"Nature Girl" - читать интересную книгу автора (Hiaasen Carl)

Twenty

In the summary of his report for the Smithsonian Institution, the Rev. Clay MacCauley thoughtfully editorialized about future relations between the Seminoles and the white settlers who by 1880 were flooding into Florida. The ethnologist foresaw that “great and rapid change” was inevitable, and that the Seminole was “about to enter a future unlike any past he has known.” MacCauley argued for justice and fairness in dealing with the tribe, so that the young braves would be friendlier toward whites than their jaded, battle-weary elders.

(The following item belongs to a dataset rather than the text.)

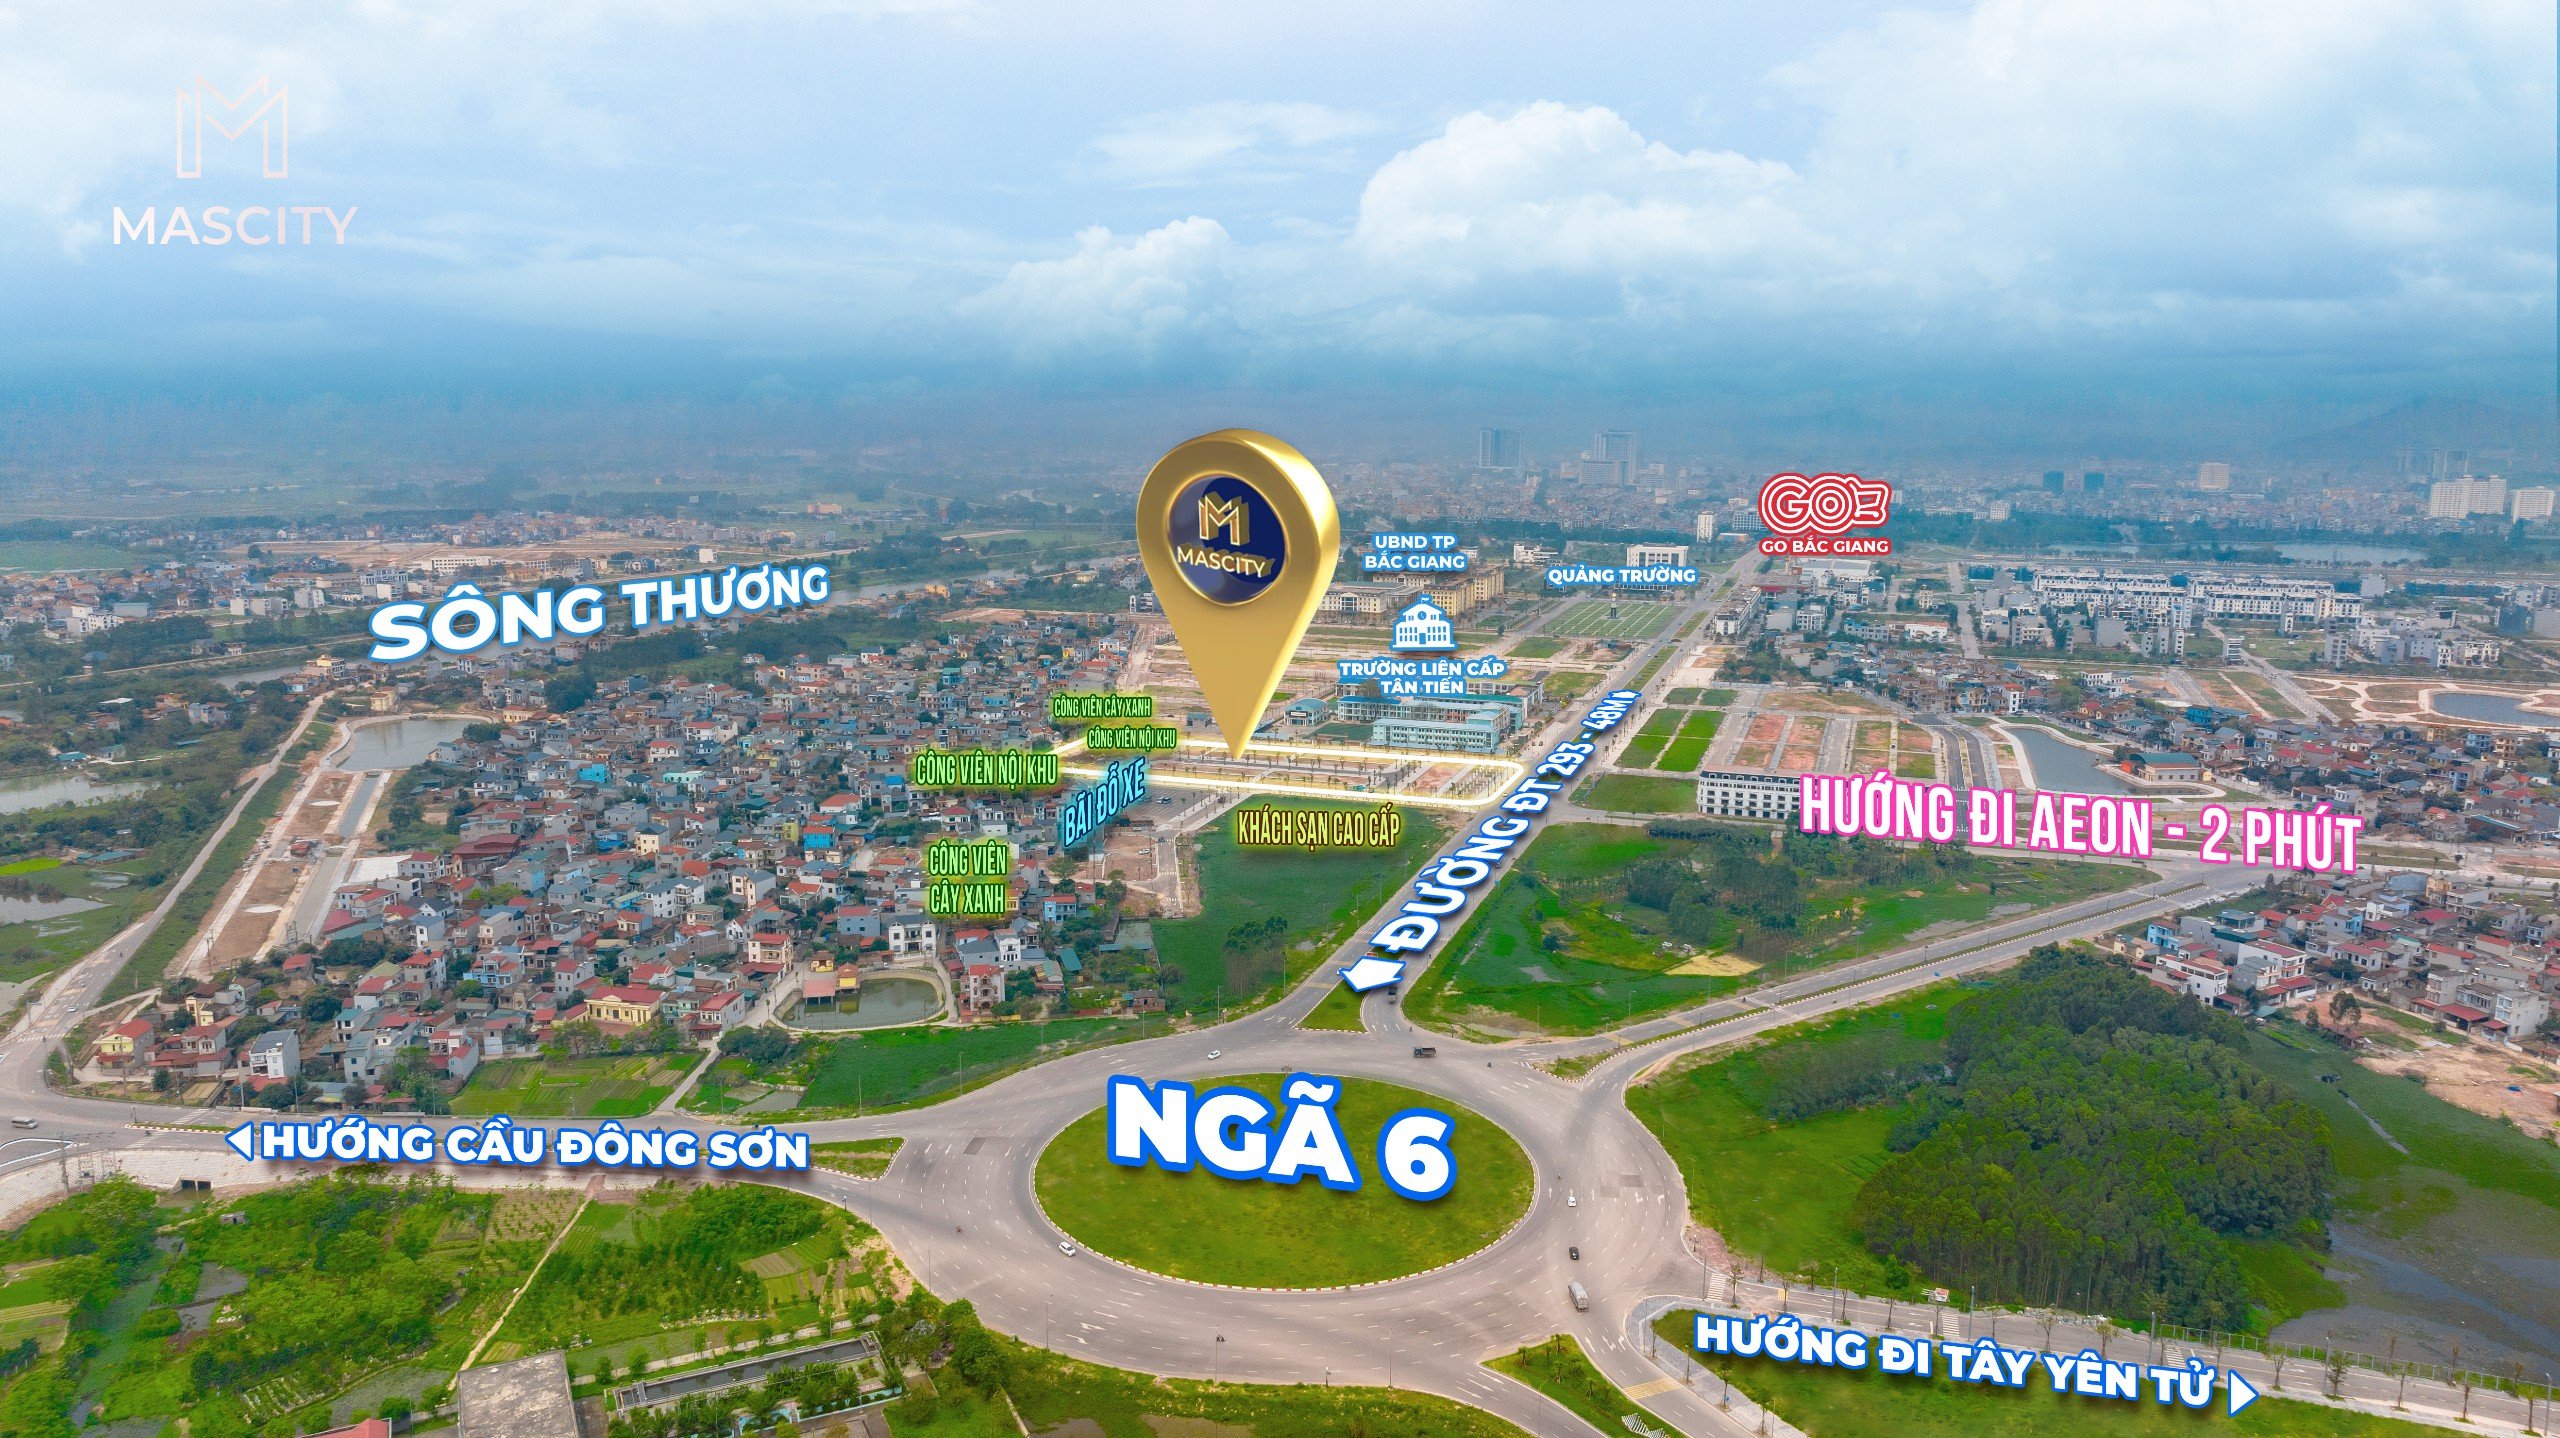 Bán đất nền trung tâm thành phố Bắc Giang, vị trí đắc địa, CK 6%, HTLS 0% đến 70% trong 12 tháng 3

It was the minister’s hope that the Indians might in a climate of peaceful cooperation forget “their tragic past,” but he warned that angering them could be a costly blunder.

Now that he can no longer retreat, MacCauley wrote, now that he can no longer successfully contend, now that he is to be forced into close, unavoidable contact with men he has known only as enemies, what will he become?

A gambling tycoon like my uncle Tommy, thought Sammy Tigertail, recalling the passage. Or a fucked-up half-breed like me.

He was pondering the irony of MacCauley’s question while Gillian made love to him. It was the closest-possible contact one could have with a white person, and indeed it seemed unavoidable. Sammy Tigertail believed the pacifist preacher would have approved of what he and Gillian were doing-the conciliatory spirit of the act, if not some of the boisterously subjugating positions. It’s better than smoking a damn peace pipe, he thought.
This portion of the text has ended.